• [Your goal]: Lines with the word "Jewelry" in them must be copied from the records below.

Dataset entries:
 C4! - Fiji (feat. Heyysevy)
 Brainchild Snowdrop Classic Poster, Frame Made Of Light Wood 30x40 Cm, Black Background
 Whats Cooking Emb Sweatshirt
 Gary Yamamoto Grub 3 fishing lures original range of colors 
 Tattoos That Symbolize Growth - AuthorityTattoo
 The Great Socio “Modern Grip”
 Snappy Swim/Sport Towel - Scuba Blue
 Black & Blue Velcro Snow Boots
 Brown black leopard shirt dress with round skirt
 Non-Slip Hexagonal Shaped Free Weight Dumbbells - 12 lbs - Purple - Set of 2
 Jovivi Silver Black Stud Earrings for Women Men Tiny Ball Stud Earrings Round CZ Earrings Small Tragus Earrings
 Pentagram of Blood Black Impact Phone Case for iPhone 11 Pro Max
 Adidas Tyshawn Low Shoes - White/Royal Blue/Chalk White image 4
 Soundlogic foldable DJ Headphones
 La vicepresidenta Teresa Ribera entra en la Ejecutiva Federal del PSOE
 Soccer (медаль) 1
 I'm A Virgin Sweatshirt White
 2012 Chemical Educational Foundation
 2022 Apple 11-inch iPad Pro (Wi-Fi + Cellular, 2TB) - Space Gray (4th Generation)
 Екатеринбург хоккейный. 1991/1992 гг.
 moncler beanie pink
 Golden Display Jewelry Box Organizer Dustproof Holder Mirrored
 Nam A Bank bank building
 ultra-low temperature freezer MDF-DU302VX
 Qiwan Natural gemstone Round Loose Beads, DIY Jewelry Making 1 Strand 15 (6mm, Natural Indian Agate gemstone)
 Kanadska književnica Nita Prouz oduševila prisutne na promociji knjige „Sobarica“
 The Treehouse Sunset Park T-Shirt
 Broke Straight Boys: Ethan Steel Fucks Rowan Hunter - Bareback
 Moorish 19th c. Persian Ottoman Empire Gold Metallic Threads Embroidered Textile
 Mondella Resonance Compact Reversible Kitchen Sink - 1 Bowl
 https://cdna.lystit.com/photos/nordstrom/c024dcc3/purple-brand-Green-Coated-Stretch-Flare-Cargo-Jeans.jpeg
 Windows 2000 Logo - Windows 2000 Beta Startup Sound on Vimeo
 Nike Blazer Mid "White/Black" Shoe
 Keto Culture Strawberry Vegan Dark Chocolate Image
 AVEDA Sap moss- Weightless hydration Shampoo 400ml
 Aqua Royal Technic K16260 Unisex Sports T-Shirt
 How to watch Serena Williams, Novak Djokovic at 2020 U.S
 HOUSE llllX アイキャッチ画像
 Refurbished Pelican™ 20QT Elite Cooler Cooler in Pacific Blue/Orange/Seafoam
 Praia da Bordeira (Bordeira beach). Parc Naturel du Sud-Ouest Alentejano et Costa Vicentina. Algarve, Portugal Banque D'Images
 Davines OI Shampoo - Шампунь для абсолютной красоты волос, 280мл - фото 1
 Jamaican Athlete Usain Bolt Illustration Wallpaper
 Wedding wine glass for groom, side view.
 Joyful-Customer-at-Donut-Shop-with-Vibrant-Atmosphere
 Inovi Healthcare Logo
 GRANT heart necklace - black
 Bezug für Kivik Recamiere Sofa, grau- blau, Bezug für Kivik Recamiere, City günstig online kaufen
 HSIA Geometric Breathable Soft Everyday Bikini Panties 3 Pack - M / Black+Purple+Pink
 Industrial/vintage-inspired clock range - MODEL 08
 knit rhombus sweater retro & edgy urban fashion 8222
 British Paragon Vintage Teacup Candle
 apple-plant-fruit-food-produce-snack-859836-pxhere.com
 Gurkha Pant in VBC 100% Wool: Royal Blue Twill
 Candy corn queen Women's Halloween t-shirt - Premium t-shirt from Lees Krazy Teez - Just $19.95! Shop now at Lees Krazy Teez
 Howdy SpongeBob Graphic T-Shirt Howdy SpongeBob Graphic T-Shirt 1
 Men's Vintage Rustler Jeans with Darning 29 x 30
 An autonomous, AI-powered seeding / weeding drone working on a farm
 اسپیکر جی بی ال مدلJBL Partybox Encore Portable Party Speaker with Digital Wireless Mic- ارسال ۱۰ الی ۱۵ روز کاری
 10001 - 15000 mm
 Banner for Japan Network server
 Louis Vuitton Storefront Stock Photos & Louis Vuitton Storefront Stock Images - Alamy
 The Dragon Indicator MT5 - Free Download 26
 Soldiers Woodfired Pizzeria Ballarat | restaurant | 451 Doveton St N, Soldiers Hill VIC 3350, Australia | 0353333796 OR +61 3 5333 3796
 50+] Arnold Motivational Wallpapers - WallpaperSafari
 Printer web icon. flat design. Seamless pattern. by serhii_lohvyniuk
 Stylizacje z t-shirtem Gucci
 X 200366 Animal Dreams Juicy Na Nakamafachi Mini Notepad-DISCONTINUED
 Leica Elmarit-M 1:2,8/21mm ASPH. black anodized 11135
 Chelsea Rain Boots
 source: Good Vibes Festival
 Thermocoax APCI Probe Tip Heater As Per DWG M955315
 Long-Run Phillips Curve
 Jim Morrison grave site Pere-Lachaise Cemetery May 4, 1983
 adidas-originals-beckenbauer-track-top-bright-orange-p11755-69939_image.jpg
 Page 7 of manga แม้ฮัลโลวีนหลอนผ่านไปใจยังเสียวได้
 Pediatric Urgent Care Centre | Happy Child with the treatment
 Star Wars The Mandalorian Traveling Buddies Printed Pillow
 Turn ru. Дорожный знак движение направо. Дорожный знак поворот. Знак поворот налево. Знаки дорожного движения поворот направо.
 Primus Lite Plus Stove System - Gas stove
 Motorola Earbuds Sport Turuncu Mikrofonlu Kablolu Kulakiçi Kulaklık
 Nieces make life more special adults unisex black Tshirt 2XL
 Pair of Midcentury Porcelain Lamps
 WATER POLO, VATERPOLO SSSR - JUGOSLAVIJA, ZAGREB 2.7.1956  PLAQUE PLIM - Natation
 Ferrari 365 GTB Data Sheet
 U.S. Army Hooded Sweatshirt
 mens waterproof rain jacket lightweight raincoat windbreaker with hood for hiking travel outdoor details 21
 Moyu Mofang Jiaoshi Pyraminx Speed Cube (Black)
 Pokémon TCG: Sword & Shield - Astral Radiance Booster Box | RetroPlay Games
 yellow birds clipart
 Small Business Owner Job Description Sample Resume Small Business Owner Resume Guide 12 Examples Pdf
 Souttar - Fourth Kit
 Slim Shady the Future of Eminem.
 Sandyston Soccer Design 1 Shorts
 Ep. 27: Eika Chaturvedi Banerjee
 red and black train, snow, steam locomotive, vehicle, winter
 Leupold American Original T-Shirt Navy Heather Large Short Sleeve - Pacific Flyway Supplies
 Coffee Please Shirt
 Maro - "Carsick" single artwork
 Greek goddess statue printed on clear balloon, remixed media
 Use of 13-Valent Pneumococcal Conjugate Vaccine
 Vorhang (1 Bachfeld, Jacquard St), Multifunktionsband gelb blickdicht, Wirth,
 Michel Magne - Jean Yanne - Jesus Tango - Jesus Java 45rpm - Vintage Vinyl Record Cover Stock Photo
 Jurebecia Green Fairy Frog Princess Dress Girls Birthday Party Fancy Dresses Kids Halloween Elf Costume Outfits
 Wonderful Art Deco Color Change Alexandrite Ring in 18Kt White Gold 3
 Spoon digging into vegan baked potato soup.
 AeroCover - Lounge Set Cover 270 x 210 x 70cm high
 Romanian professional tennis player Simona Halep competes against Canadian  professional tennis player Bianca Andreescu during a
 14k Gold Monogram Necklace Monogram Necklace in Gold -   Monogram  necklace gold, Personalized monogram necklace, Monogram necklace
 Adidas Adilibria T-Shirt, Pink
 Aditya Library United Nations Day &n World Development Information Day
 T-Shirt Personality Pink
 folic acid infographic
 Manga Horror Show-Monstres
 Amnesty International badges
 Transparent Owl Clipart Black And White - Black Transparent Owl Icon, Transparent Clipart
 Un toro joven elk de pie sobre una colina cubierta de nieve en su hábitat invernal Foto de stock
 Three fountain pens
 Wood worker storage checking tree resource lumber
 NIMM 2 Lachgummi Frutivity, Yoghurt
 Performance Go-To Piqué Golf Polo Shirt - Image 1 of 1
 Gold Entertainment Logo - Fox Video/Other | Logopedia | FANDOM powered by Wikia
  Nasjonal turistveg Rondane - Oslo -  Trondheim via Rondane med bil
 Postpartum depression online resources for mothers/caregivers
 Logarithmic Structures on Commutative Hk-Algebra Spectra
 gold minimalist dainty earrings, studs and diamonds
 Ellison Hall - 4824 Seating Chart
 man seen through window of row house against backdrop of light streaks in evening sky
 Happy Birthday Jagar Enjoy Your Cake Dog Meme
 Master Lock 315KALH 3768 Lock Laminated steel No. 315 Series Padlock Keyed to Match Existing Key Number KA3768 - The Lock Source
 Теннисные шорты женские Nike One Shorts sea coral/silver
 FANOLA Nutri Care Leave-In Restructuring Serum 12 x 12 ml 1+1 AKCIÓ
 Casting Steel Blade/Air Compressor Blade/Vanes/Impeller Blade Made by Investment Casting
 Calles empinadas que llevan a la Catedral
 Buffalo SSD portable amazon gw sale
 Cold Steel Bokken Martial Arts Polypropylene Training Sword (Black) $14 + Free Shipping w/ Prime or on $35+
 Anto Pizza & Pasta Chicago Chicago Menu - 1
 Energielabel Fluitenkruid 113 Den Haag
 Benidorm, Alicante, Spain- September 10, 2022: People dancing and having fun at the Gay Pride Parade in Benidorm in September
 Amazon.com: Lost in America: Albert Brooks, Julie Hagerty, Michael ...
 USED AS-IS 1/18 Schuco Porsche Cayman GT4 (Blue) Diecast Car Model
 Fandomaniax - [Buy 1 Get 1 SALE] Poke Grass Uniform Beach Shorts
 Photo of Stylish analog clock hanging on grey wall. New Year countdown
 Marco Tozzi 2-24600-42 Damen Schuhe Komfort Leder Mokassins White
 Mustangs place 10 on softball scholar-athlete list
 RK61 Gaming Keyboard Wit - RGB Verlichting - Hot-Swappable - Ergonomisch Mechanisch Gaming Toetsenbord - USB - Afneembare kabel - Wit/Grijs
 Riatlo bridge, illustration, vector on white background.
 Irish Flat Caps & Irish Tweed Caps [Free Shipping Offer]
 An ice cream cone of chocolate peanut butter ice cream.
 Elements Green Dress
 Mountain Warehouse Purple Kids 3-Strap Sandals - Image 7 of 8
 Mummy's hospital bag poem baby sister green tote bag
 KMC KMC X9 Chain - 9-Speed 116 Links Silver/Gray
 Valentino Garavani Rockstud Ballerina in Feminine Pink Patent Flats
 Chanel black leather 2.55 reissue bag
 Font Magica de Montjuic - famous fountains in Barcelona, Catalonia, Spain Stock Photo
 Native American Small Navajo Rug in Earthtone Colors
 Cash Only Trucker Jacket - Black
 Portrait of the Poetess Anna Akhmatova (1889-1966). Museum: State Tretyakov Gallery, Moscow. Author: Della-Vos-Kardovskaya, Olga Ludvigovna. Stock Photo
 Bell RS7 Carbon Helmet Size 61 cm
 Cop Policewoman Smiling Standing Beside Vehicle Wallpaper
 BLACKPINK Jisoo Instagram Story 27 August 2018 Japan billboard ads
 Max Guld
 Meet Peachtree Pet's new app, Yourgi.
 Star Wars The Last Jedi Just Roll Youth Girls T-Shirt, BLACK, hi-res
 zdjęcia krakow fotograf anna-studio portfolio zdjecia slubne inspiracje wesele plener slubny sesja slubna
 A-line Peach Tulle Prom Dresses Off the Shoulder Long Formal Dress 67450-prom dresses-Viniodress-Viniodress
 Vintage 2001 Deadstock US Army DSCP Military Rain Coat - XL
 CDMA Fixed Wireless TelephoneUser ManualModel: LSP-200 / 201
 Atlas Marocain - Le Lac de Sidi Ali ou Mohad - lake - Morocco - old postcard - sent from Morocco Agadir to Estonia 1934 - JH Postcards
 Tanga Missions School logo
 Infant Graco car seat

• [Task solution]:
 Golden Display Jewelry Box Organizer Dustproof Holder Mirrored
 Qiwan Natural gemstone Round Loose Beads, DIY Jewelry Making 1 Strand 15 (6mm, Natural Indian Agate gemstone)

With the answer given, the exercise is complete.